Of course, just because I don’t want to use public bathrooms, doesn’t mean that I don’t have to and need to, because well, let’s face it, when you gotta go, you really gotta go.

Remember way back when you were studying for that psychology midterm and no matter how hard you tried to get beyond the words “psychology is an academic and applied discipline involving the scientific study of human mental functions and behavior” you couldn’t. You just kept repeating the same incomprehensible phrase in your head over and over again until it didn’t mean anything.

Yea.

That is exactly my thought process when I’m forced to use a public bathroom except instead of repeating phrases from overpriced textbooks, I try to talk and coach and coerce myself into peeing.

The smells, the sights, the sounds, the knowledge that hundreds or even thousands of bums have graced the toilet seat before me is nauseating enough to make me feel a dizzy spell coming on. Fortunately, I have mastered the art of the mid-air pee.

It’s hard enough to actually make myself go when I’m alone in there. God forbid someone walks in, because my entire endocrine system shuts down and refuses to cooperate. My bladder stops in its tracks and my body finds it indecent to object.

Today I desperately had to go. I held it in as long as possible before I decided that I would combust if I tried to deny it any longer and made my way to the dreaded three stall bathroom at work. It wasn’t until I was situated that I realized someone else was in there with me. Oh dear God, I thought, how am I ever going to do this now?

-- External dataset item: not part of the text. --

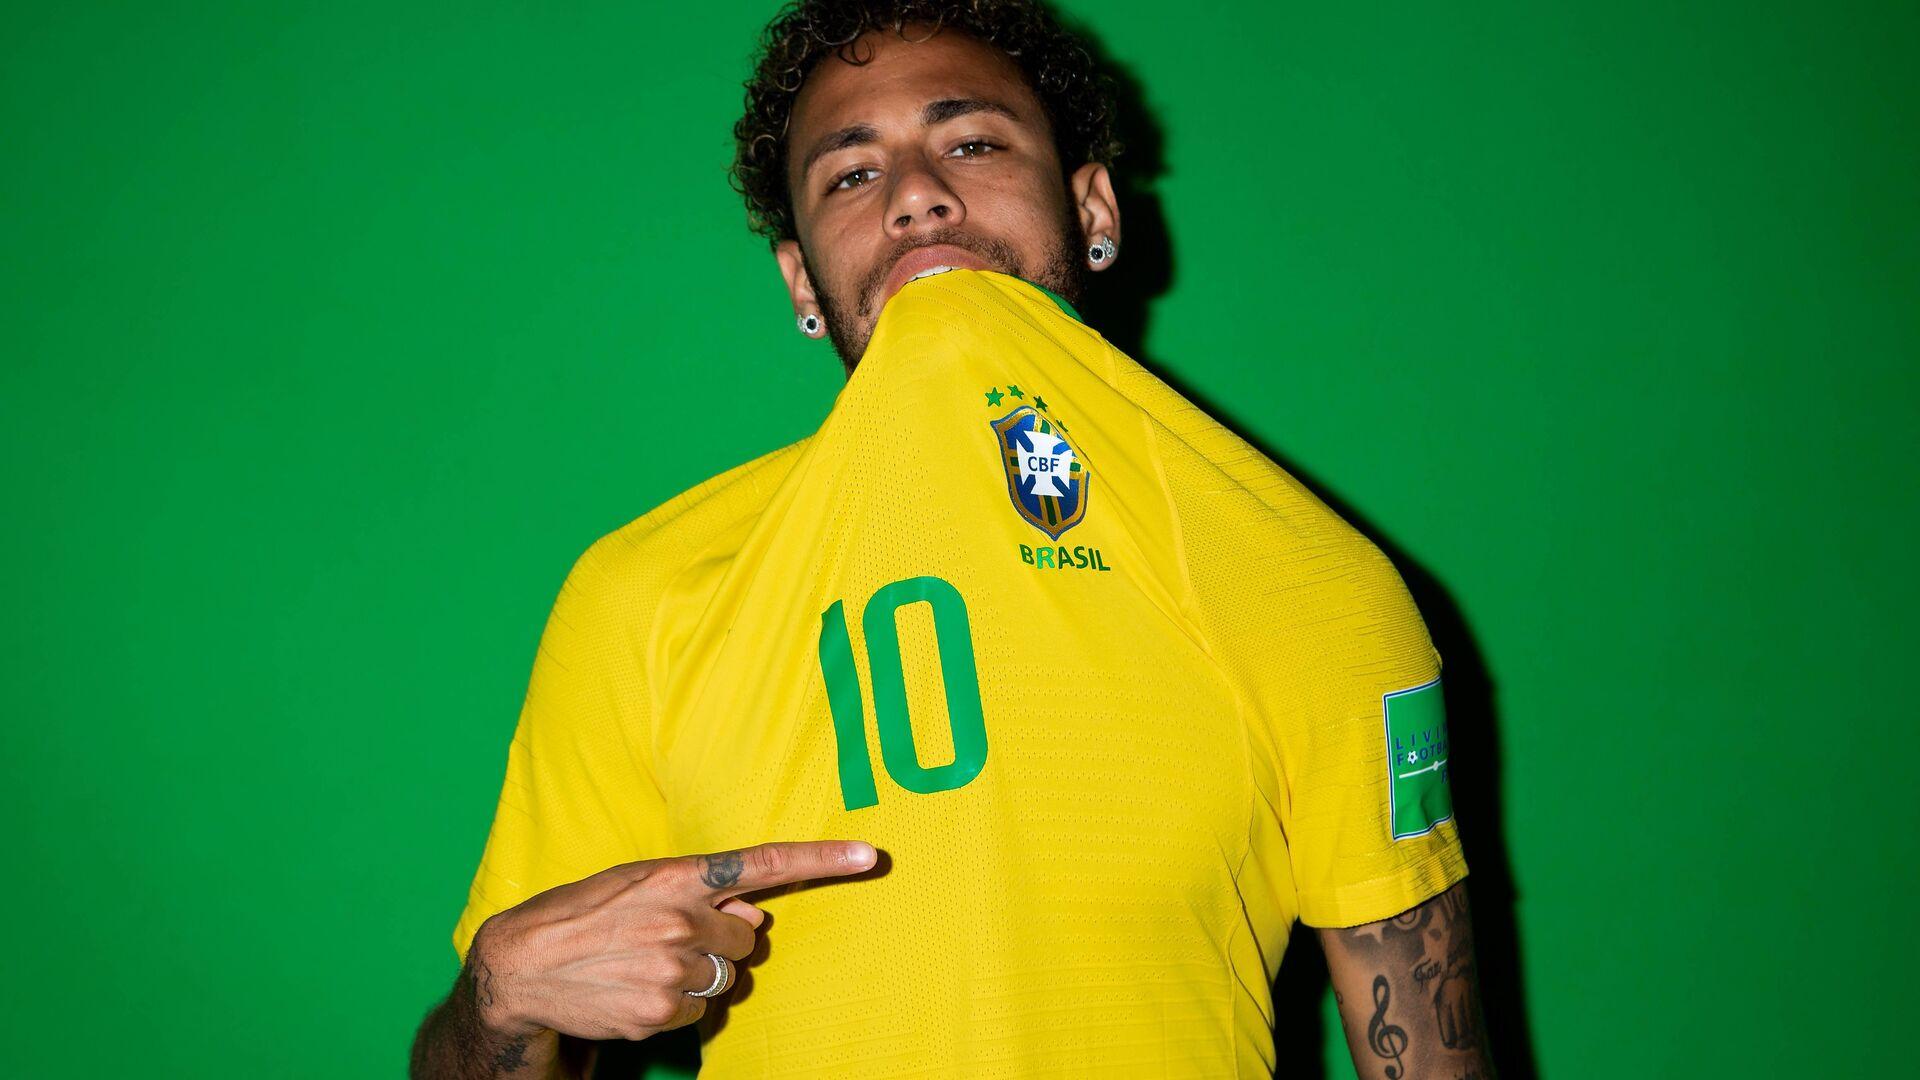 1920x1080 Neymar Jr Brazil Portraits 2018 Laptop Full HD ...

I suddenly found myself mimicking the conversation a dad might have with his son at a softball game.

“You can do this. You can do it. Just believe in yourself. Try harder. You can do it!”

After a couple rounds of repeating the sentence above, I finally got myself to relax enough to start and end my time in the bathroom of the second floor of an office building somewhere in Santa Monica even though someone else was in the stall next to me without a care in the world.

This “I-can’t-pee-in-public-bathrooms-especially-when-I’m-not-alone” business is really bordering on the brink of an illness. A crippling, nerve wrecking, socially awkward illness.

Luckily, whoever it was had left before I came out of the stall. That’s another thing. I have no interest in seeing who I unwillingly shared my fiercely private moment with. I will stay in a stall as long as I can so help me God, as long as I don’t have to exchange pleasantries with my pee buddy.

I am not sure where this dramatic disdain for public bathrooms stems from. There are times when I am proud of myself for refusing to use them, there are other times when I hate that I can’t just go with the flow (no pun intended) and just pee already, for the love of bladders everywhere.

Do not even get me started on doing anything more than the occasional tinkle.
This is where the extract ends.